For those familiar with what the novelist John Coetzee has called “white writing” in South Africa, the name Adamastor will immediately recall the poet Roy Campbell (1901–57), one of whose volumes was so titled. 1 It is on Campbell as a prominent and culturally revealing English-language writer of his time from South Africa that I will focus in this paper. 2 Although Campbell retains a place in the older anthologies and literary histories as the most accomplished white South African of large literary ambitions and relatively high international visibility to have written poetry in English, his work has not recently attracted much attention. 3 In this paper I propose no literary revival of Campbell’s works, but I shall suggest that their current lack of salience, even in postcolonial rereadings of colonial writing, results partially from insufficient contextualization. Treating Campbell’s works as belated products—and after-effects—of the early modern European imperial imaginary heightens their cultural legibility and political significance; it also gives a continuing heuristic importance to Campbell’s career, both in South Africa and beyond it. 4 [End Page 27]

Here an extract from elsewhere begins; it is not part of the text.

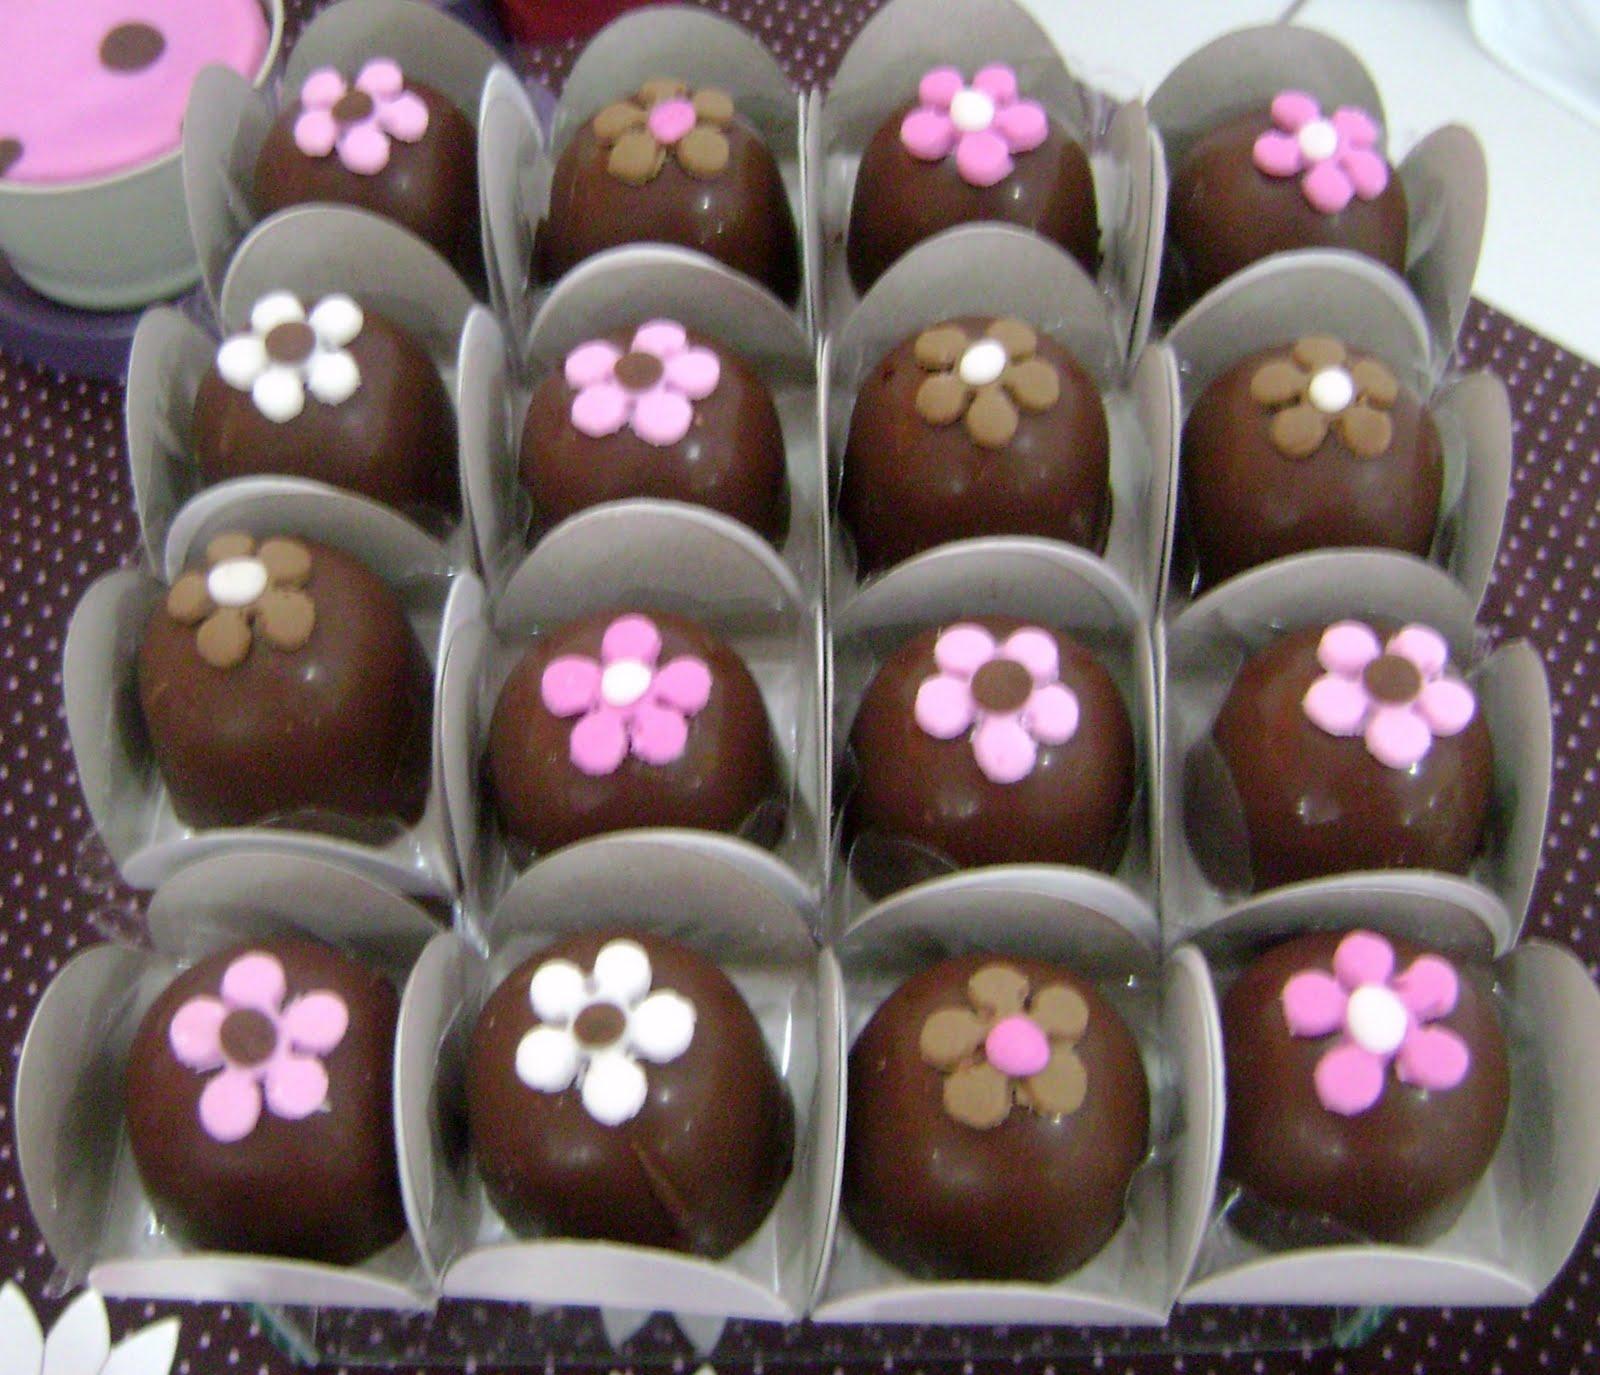 Michelle Lecce Bolos Doces e Chocolates: Chá de Panela #9F2C87 1600 1375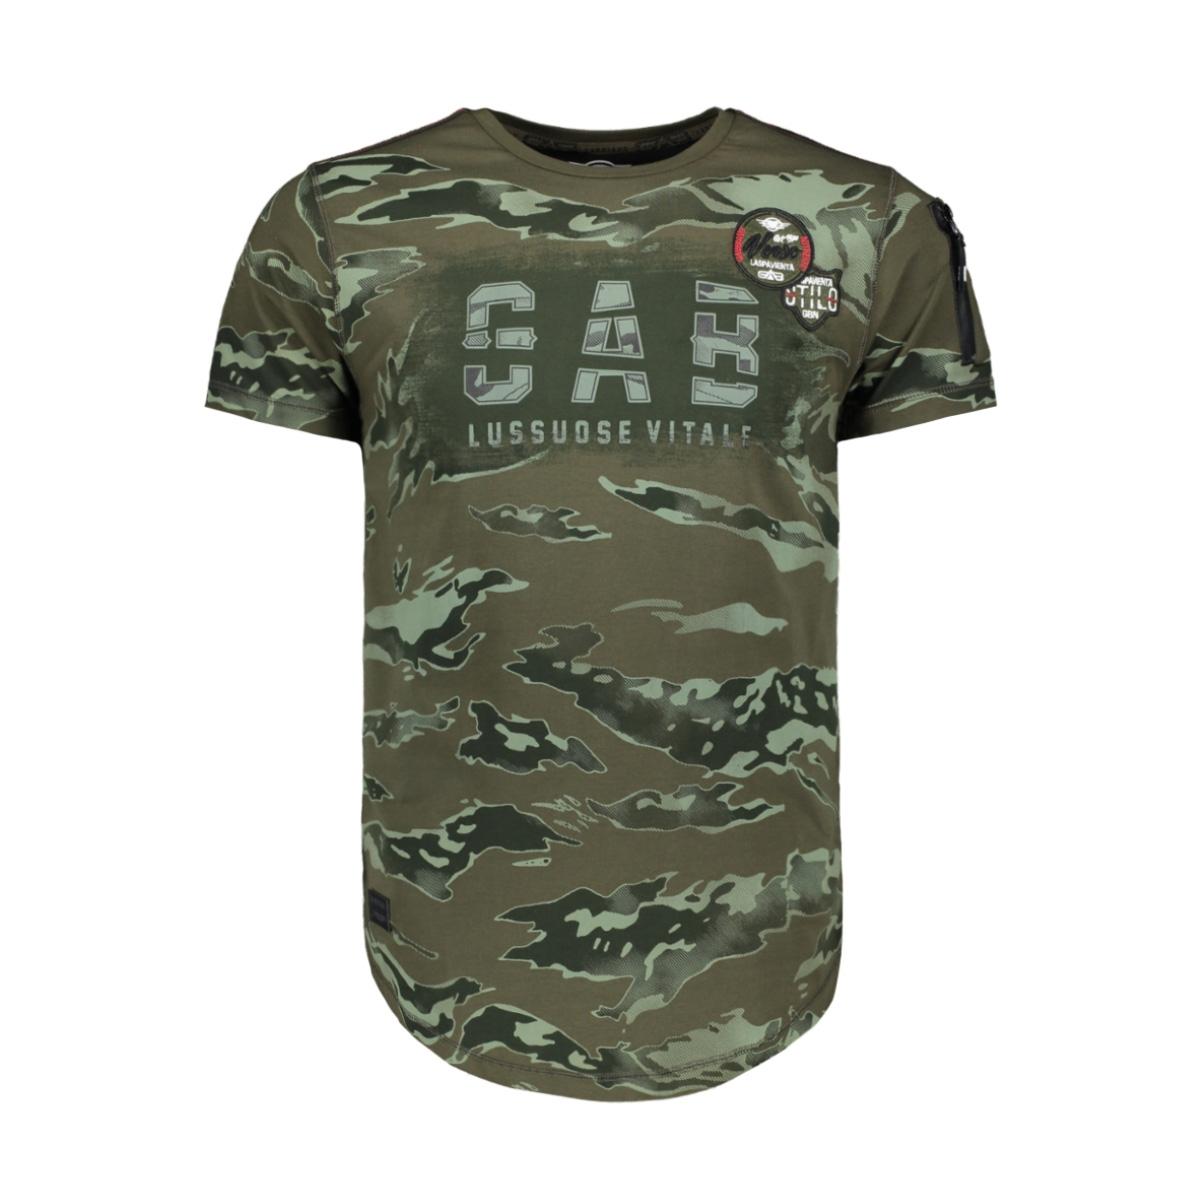 t shirt 13882 gabbiano t-shirt army

Given the eclipse of Campbell’s work, however, the questions “Why Campbell?” and “Why now?” might still be urgently posed at the outset. Why, above all, recall Campbell in a post-Apartheid context, in which, given his now outmoded racial and other preoccupations, such recall might seem only provocative or counterproductive? My principal answer to these questions is that Campbell’s work takes on a different look in the post-Apartheid era, when there is no longer a politically dominant white racism in South Africa into which it can seem almost totally absorbed. Conversely, now that Apartheid has ceased to be the absorbing focus of interpretive and polemical attention directed at South Africa, other foci, considerations, and tasks come into view. 5 One of those tasks, currently mandated by both the South African government and the academy, is that of reprocessing historical and cultural materials pertaining to post-Apartheid South Africa. This is a generous mandate, to be interpreted with due regard to differences of interest and positioning both inside and outside South Africa, yet reprocessing is necessary if a nonracial yet multicultural South African future is to be shaped without supposing that it can be surgically separated from the past or from contemporary global contexts by the political and legal termination of Apartheid. In other words, reprocessing rather than denial or attempted erasure of the past is widely seen as incumbent on historiography and/or interdisciplinary cultural studies. Nothing is precluded in principle from this reprocessing.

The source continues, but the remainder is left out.